How readers can help

  • Support prairie dog conservation. Because the ferret is an obligate prairie-dog specialist, prairie dog conservation IS ferret conservation. WWF's Northern Great Plains Program, Defenders of Wildlife, and prairie-restoration land trusts all work on this.
  • Support the captive-breeding SSP zoos. Smithsonian Conservation Biology Institute, Louisville Zoo, Phoenix Zoo, and others fund their ferret programs partly through public support.
  • Support Revive & Restore. The genetic-rescue cloning work addresses the founder-bottleneck constraint that limits long-term population viability.
  • Engage on prairie dog policy. Prairie dogs are still poisoned and shot across much of their range despite their keystone role. Supporting policy that recognizes prairie dogs' ecological function — and limits eradication on public lands — directly benefits ferret recovery.
  • For ranchers and landowners in the Great Plains: Safe Harbor Agreements allow private landowners to host reintroduced ferrets without incurring additional regulatory burden. USFWS and partner NGOs facilitate enrollment.
  • Visit responsibly. Several reintroduction sites (Conata Basin/Badlands in South Dakota, the Seligman area in Arizona) support wildlife tourism that builds local support for the program.
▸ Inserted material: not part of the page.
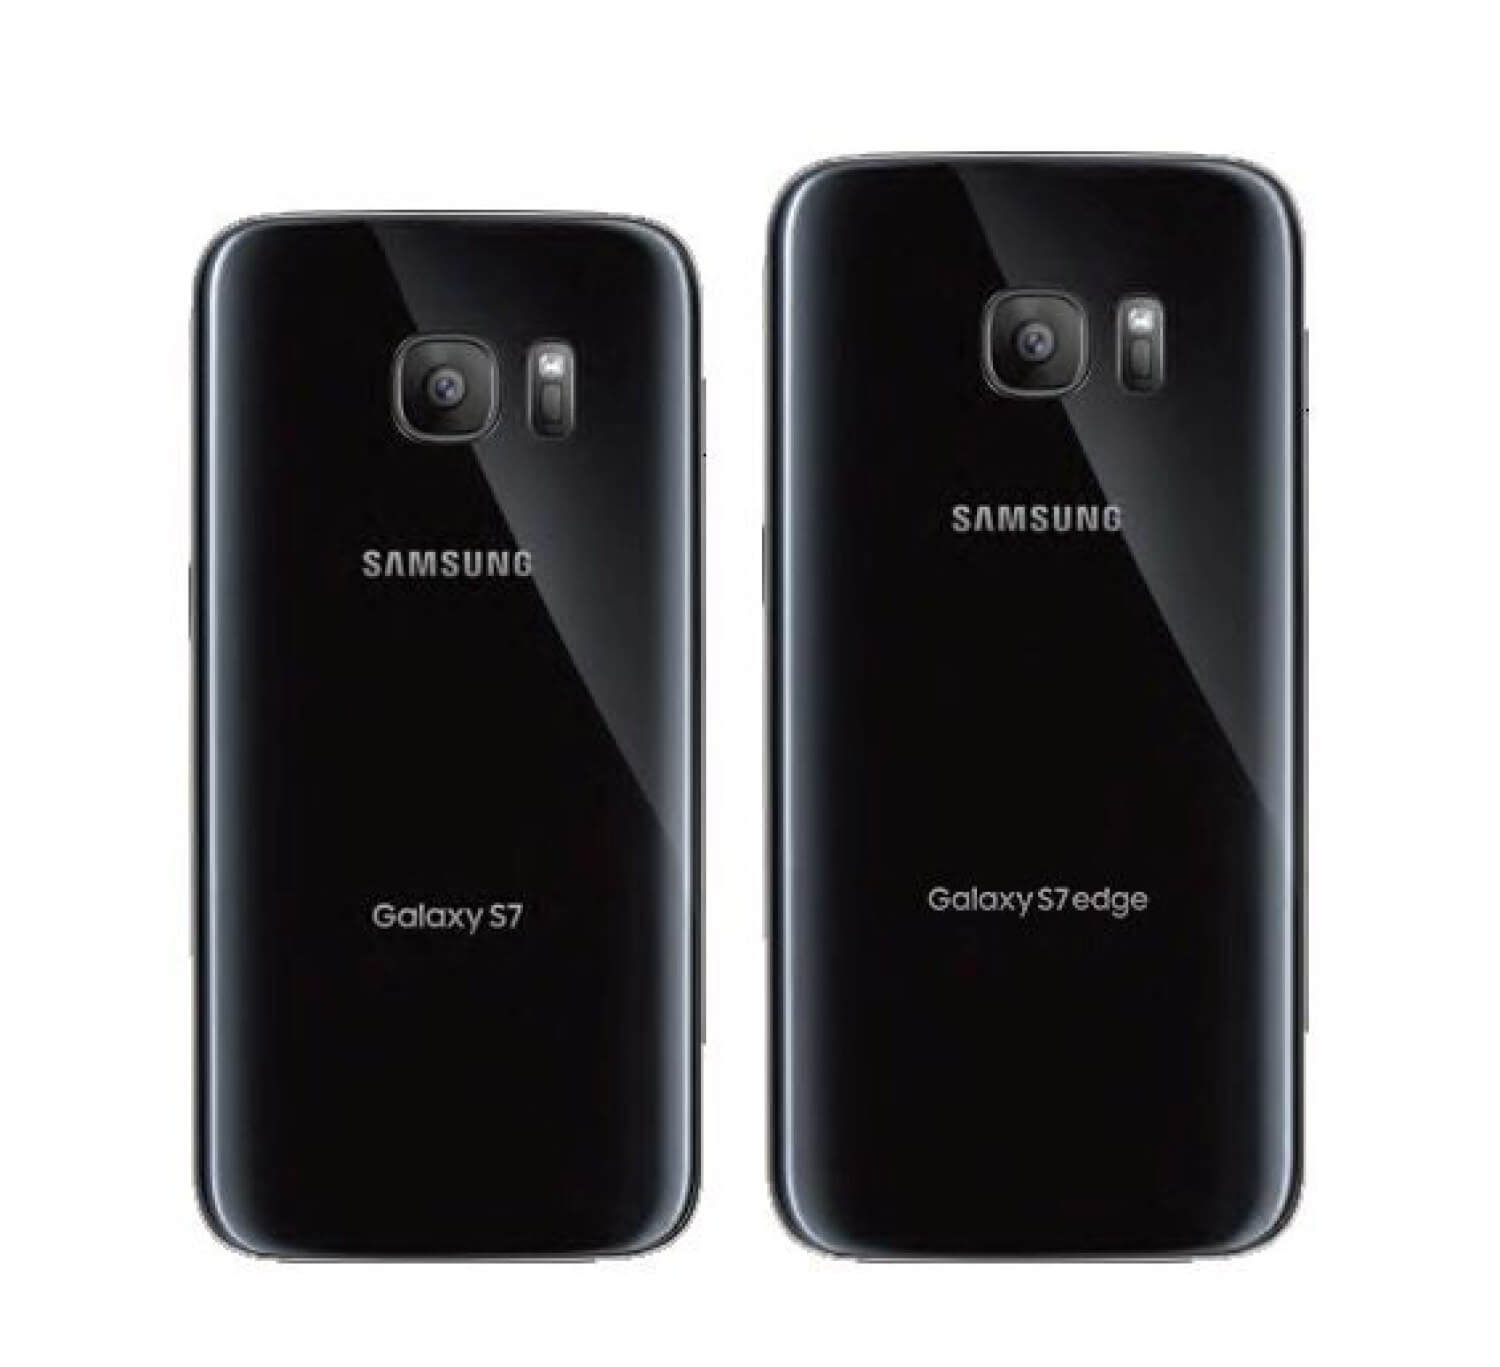 Изображения задних панелей Galaxy S7 и S7 Edge утекли в Сеть. Фото.
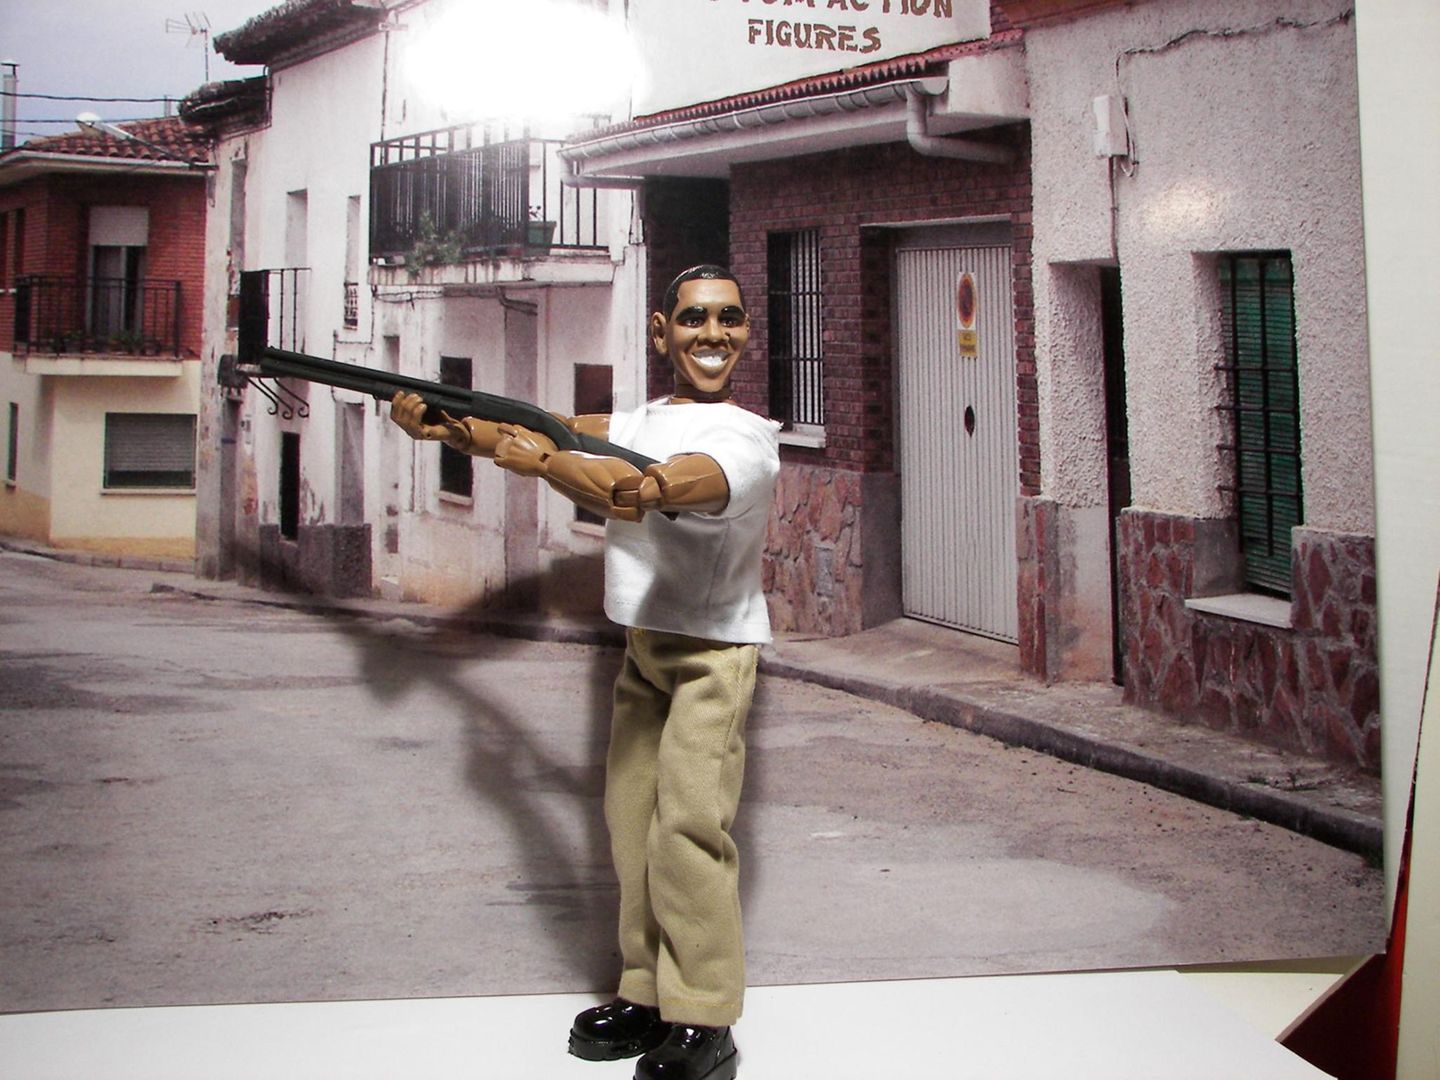 In den USA kann man ab sofort diese Actionfigur von Barack Obama kaufen. Inspiriert wurde der Hersteller durch ein Foto, das den Präsidenten beim Schießen in Camp David zeigt.

Last verified: 2026-05-24 Conservation status: Endangered (IUCN Red List 2015 assessment); ESA Endangered; ~few hundred individuals across captive + reintroduced populations.

References

  • Abbott, R. C., Osorio, J. E., Bunck, C. M., & Rocke, T. E. (2012). Sylvatic plague vaccine: a new tool for conservation of threatened and endangered species? EcoHealth 9: 243–250.
  • Belant, J., Biggins, D., Garelle, D., Griebel, R. G., & Hughes, J. P. (2015). Mustela nigripes. IUCN Red List of Threatened Species. e.T14020A45200314.
  • Hillman, C. N., & Clark, T. W. (1980). Mustela nigripes. Mammalian Species 126: 1–3.
  • Jachowski, D. S. (2014). Wild Again: The Struggle to Save the Black-Footed Ferret. University of California Press.